* Minority populations have higher rates of reported gonorrhea and syphilis than whites. In 1993, compared with whites, African Americans, Native Americans, and Hispanics had gonorrhea rates that were 42, 5, and 4 times higher, respectively; African Americans, Hispanics, and Native Americans had syphilis rates that were 64, 13, and 5 times higher, respectively.1
* The South has consistently had higher rates of both gonorrhea and syphilis compared with other regions throughout the 1980s and 1990s. Minority populations are disproportionately located in southern states.2
* African American men have gonorrhea rates that are 68 times greater than those in white men. For women, these rates are 28 times greater in African Americans than in whites.3
* African American adolescents and young adults have STD rates that are more than 20 times higher than those in white adolescents.4
* Comprehensive chlamydia screening programs for women thus far show higher rates for minority women than for white women.5
* Non-white women are nearly three times as likely as white women to be hospitalized with acute Pelvic Inflammatory Disease (PID) and more than two times as likely to be hospitalized with chronic PID.6
* African American women are nearly three times more likely to die of cervical cancer than white women, when data are adjusted for age.7
Opportunities:
1. Involving affected communities in prevention planning. HIV prevention community planning involves racial/ethnic minority communities in determining the HIV prevention needs of their communities. STD programs, though somewhat different from HIV programs, can learn from this HIV prevention experience to help them identify ways to involve affected communities in STD prevention efforts.
2. Syphilis concentrated in the South.
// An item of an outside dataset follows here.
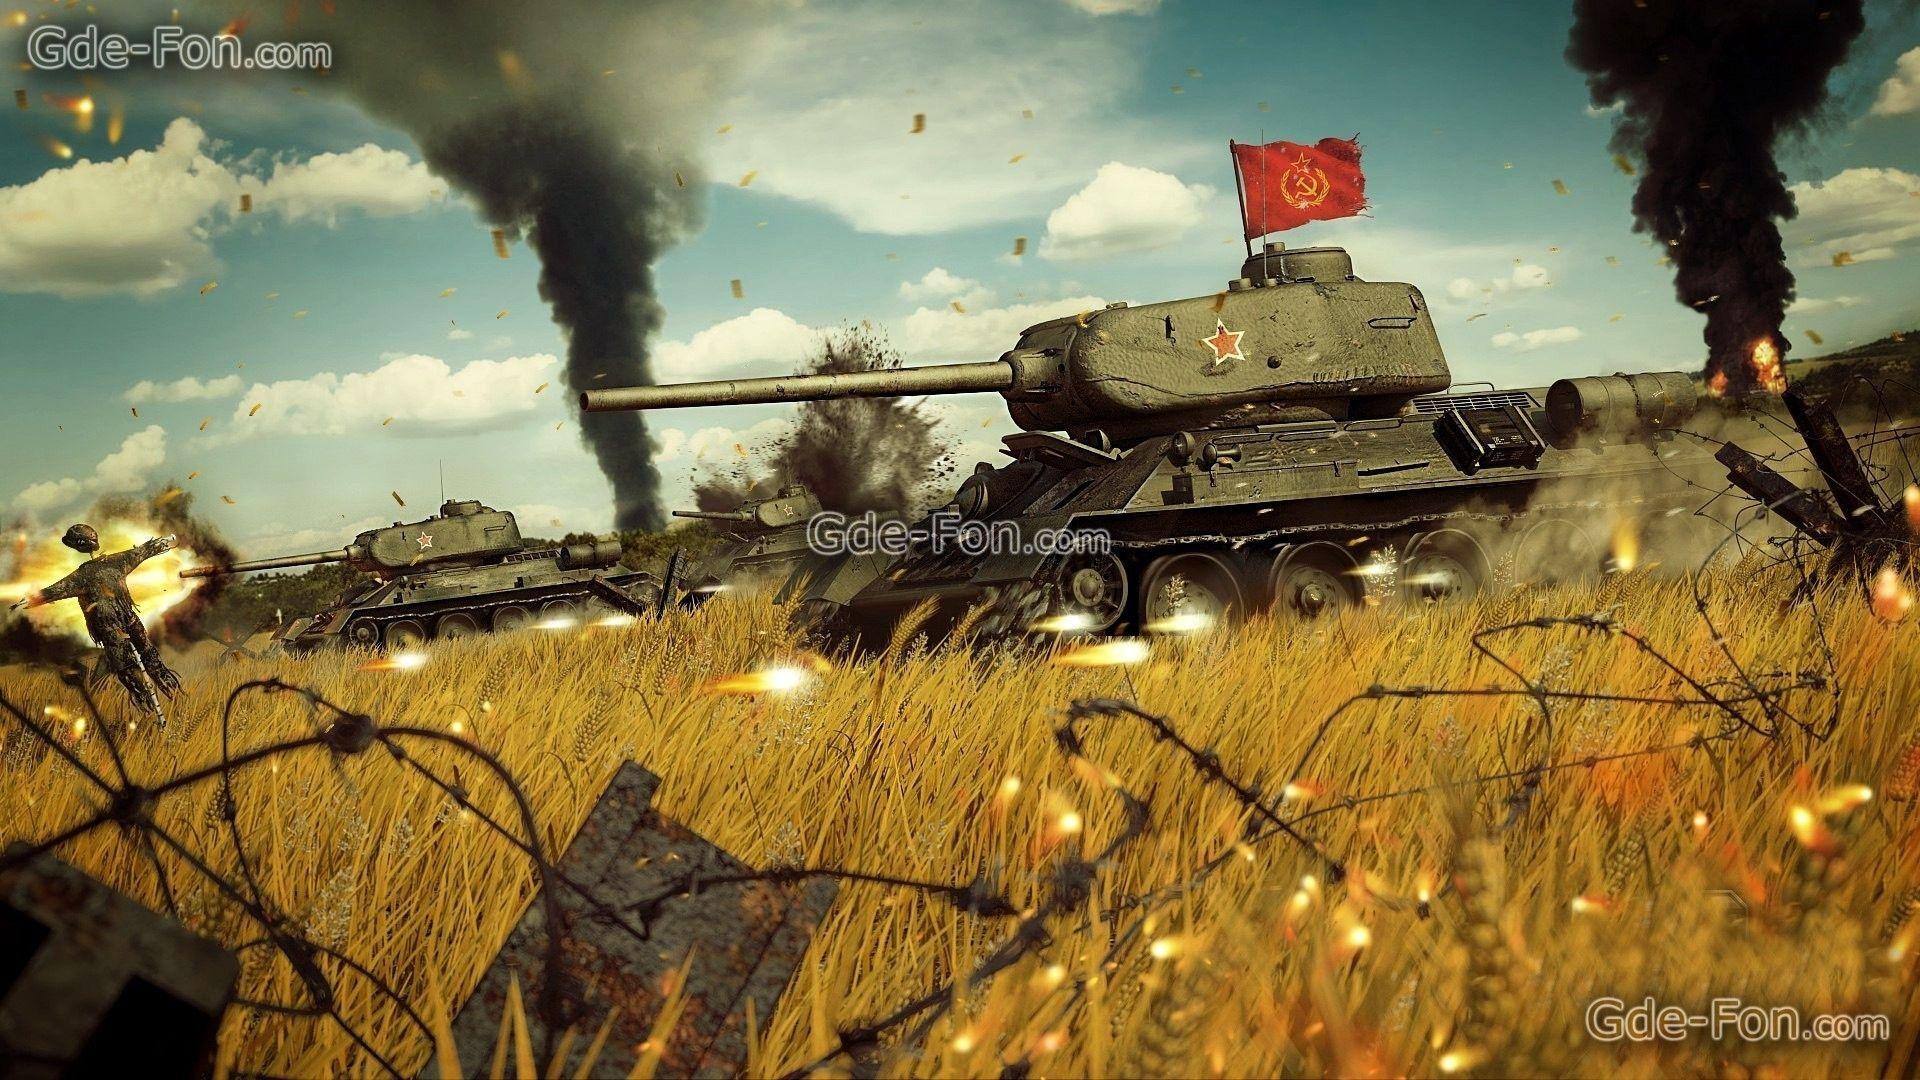 Download wallpaper Red Army, Soviet medium tank during
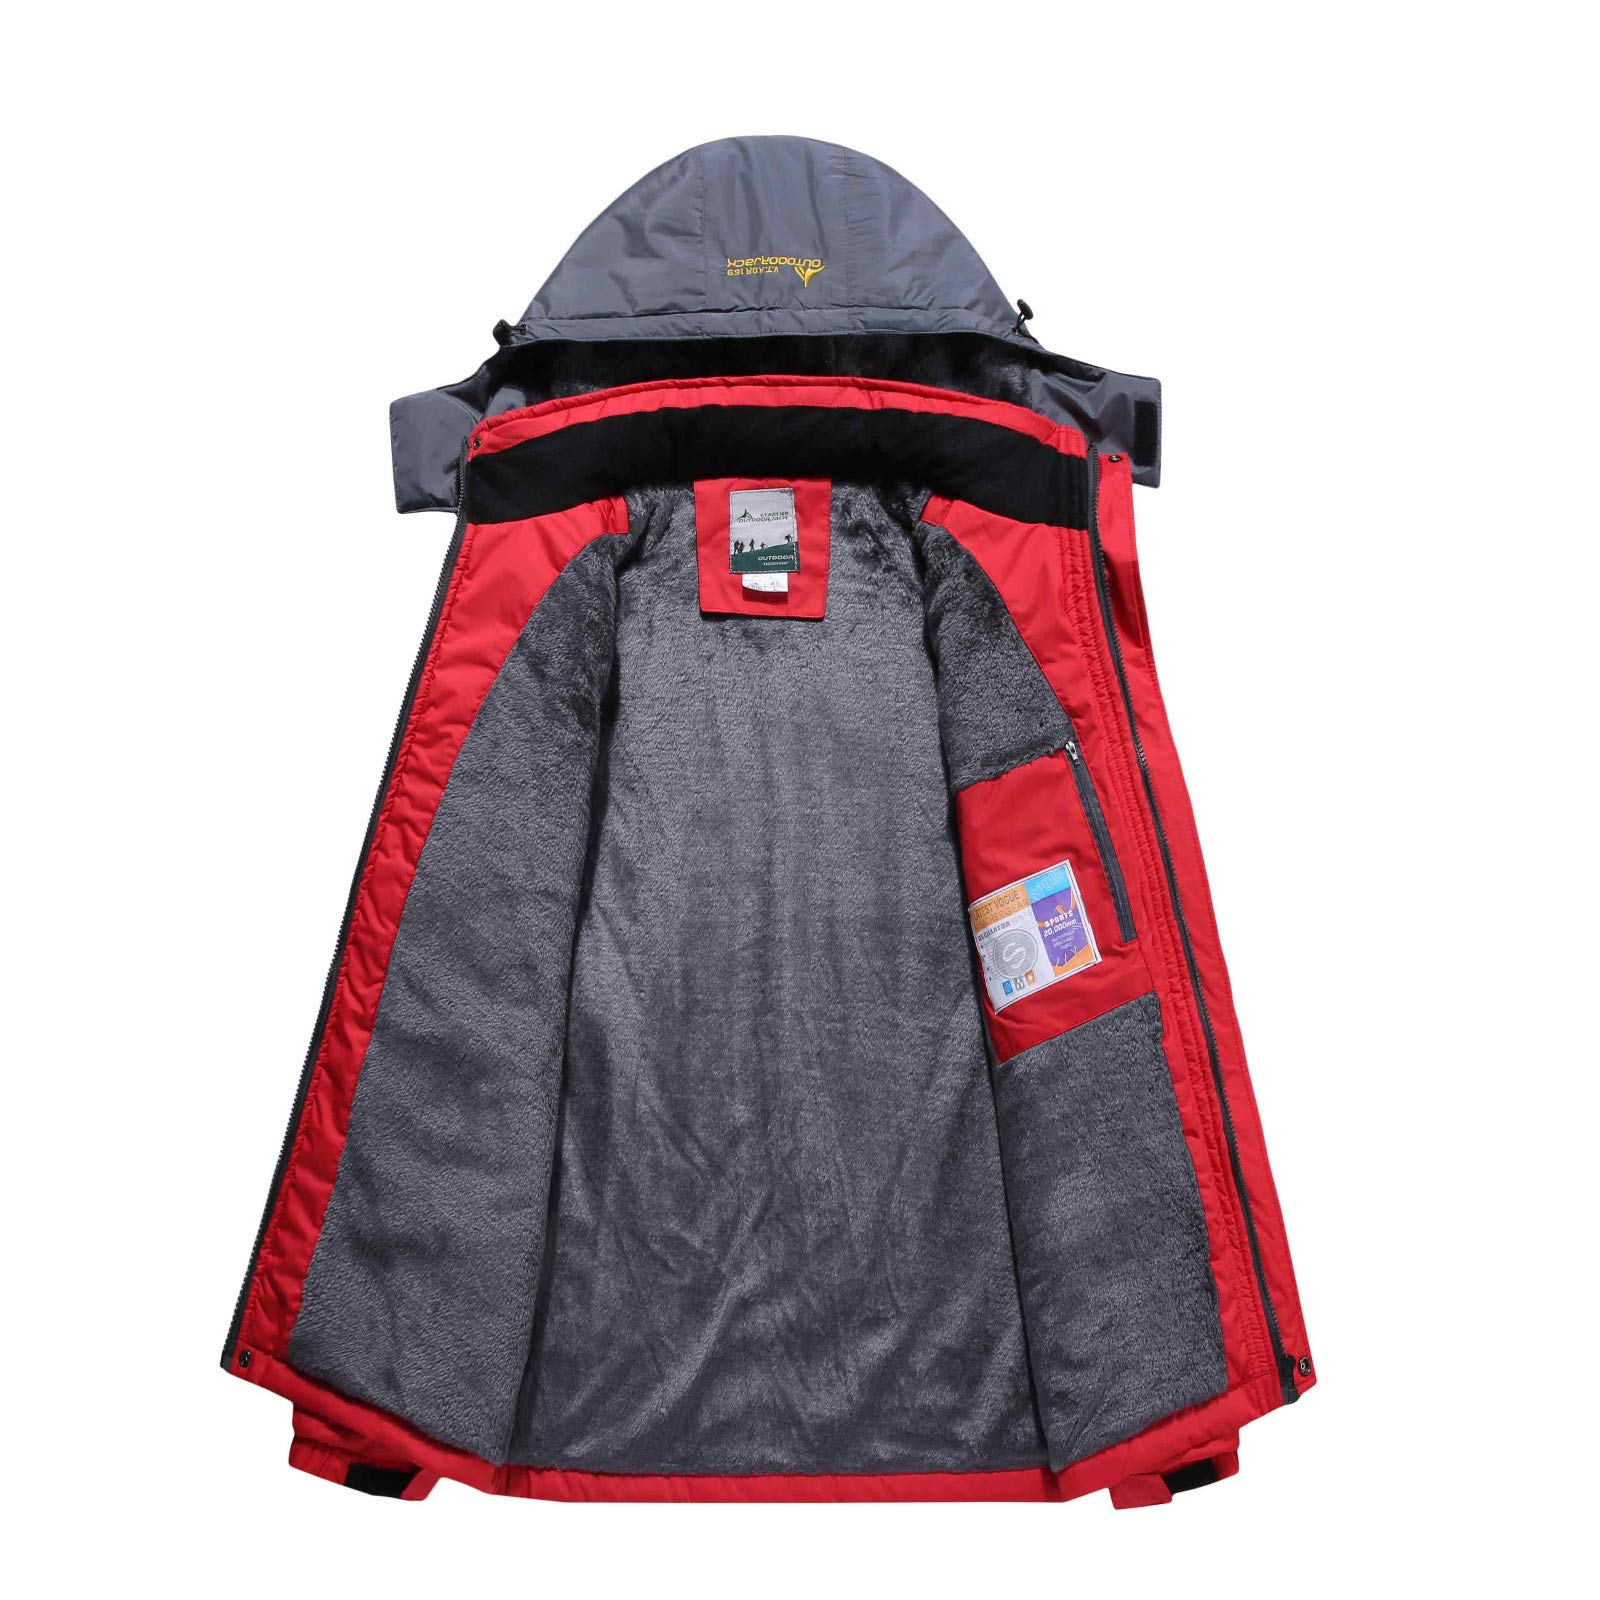 Men's Winter Jacket Outdoor Skiing Mountaineering Warm Windproof Clothes Waterproof Casual Sports Coat Red

Focusing research and program efforts on syphilis in the South will allow increased opportunity to better focus prevention efforts on minority populations, both in terms of preventing syphilis and congenital syphilis and in terms of indirectly reducing HIV transmission.
3. Growing understanding of need for population-tailored programs. There is a growing understanding of the importance of culturally competent and linguistically appropriate behavioral interventions for STD and HIV prevention in minority communities. The increasing involvement of community-based organizations and national minority organizations in STD and HIV prevention affords an opportunity to capitalize on that understanding.
4. Negative STD-related consequences concentrated among minorities. As minority women have higher rates of chlamydia, gonorrhea and their consequences, there is an opportunity to avoid less effective generic prevention efforts and rather, to tailor prevention efforts to these populations.